Frontier coated glass slides

RNAScope in situ hybridization was performed using a RNAScope 2.5 Reagent Kit-Red (Advanced Cell Diagnostics, Hayward, CA, USA) according to the manufacturer’s instructions. Detailed procedures for this assay were described in our previous studies [14 (link), 21 ]. Paraffin-embedded ovaries and frozen brains were sliced into 5- and 16-μm-thick sections, respectively, as described in our previous studies [12 (link), 17 ]. Subsequently, sections were mounted on FRONTIER-coated glass slides (Matsunami Glass, Osaka, Japan), heated in boiling Target Retrieval solution for 5 min, rinsed with ethanol, and dried. Next, sections were treated with proteinase at 40°C for 30 min and then incubated with RNAScope probes at 40°C for 2 hr. Subsequently, amplification steps were performed using Amp1–6 solutions provided in the kit. Hybridization signals were detected by reaction with Fast Red substrate for 10 min at room temperature. Subsequently, sections were counterstained with hematoxylin, dried, and coverslipped with EcoMount (Advanced Cell Diagnostics). The RNAScope probe against mouse Esr2 transcripts was provided by the manufacturer (Mm-Esr2; Cat No. 316121; Advanced Cell Diagnostics). Absence of non-specific signals was confirmed using a RNAScope Negative Control Probe [DapB (bacterial gene); Cat. No. 310043; Advanced Cell Diagnostics].

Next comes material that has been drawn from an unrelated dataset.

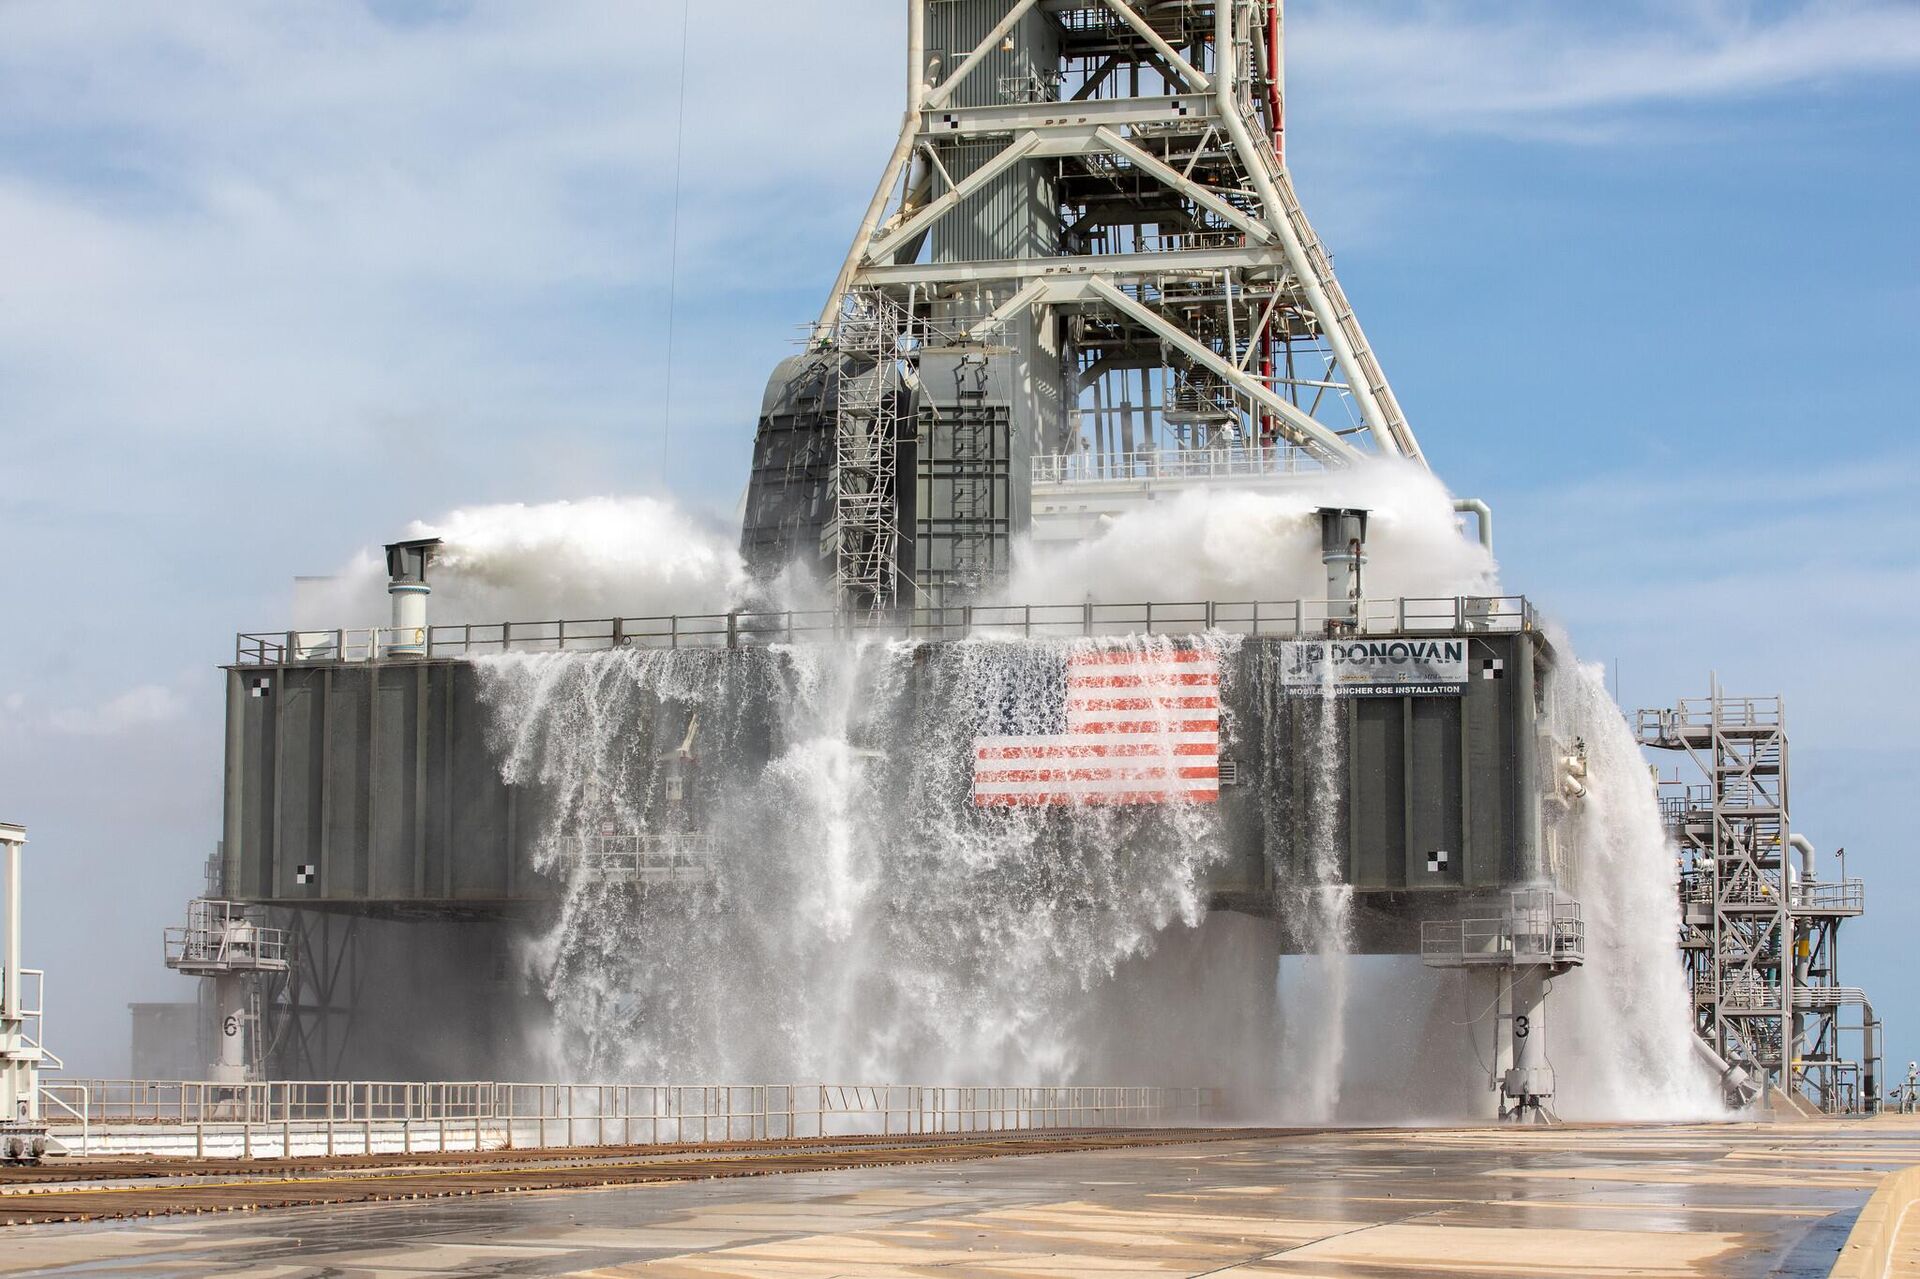 About 450,000 gallons of water poured onto the Pad B flame deflector, the mobile launcher flame hole and onto the launcher’s blast deck during NASA's water flow test on September 13, 2019.  - Sputnik International, 1920, 02.04.2022

Paraffin-embedded and frozen sections were transferred to FRONTIER-coated glass slides (Matsunami Glass). Subsequently, mounted sections were treated with 0.3% (v/v) hydrogen peroxidase in methanol to quench endogenous peroxidase and then washed three times with PBS. Heat-induced antigen retrieval was performed in 10 mM citrate buffer (pH 6.0) by autoclaving samples at 121°C for 10 min with a High-Pressure Steam Sterilizer LBS-245 (Tomy Seiko, Tokyo, Japan). Next, sections were covered with a mouse-on-mouse blocking reagent (Abcam, Cambridge, UK) for 30 min and then immunoreacted with an anti-human ESR2 monoclonal antibody (PPZ0506; Perseus Proteomics, Tokyo, Japan) at dilutions of 1:100 to 1:64,000 in PBS containing 0.3% (v/v) Triton X-100 (PBST) for 16 hr at 4°C. Immunoreactive signals were obtained using a horseradish peroxidase (HRP) polymer detector (Abcam) and 3,3'-diaminobenzidine tetrahydrochloride (Merck KGaA, Darmstadt, Germany) with 0.01% hydrogen peroxidase. All sections, except for brain, were counterstained with hematoxylin before dehydration and mounting with Permount Mounting Medium (Thermo Fisher Scientific). Immunoreactive images were captured using a BX51 microscope (Olympus, Tokyo, Japan) equipped with a DP73 digital camera (Olympus) or BX53 microscope (Olympus) with a DP21 digital camera (Olympus).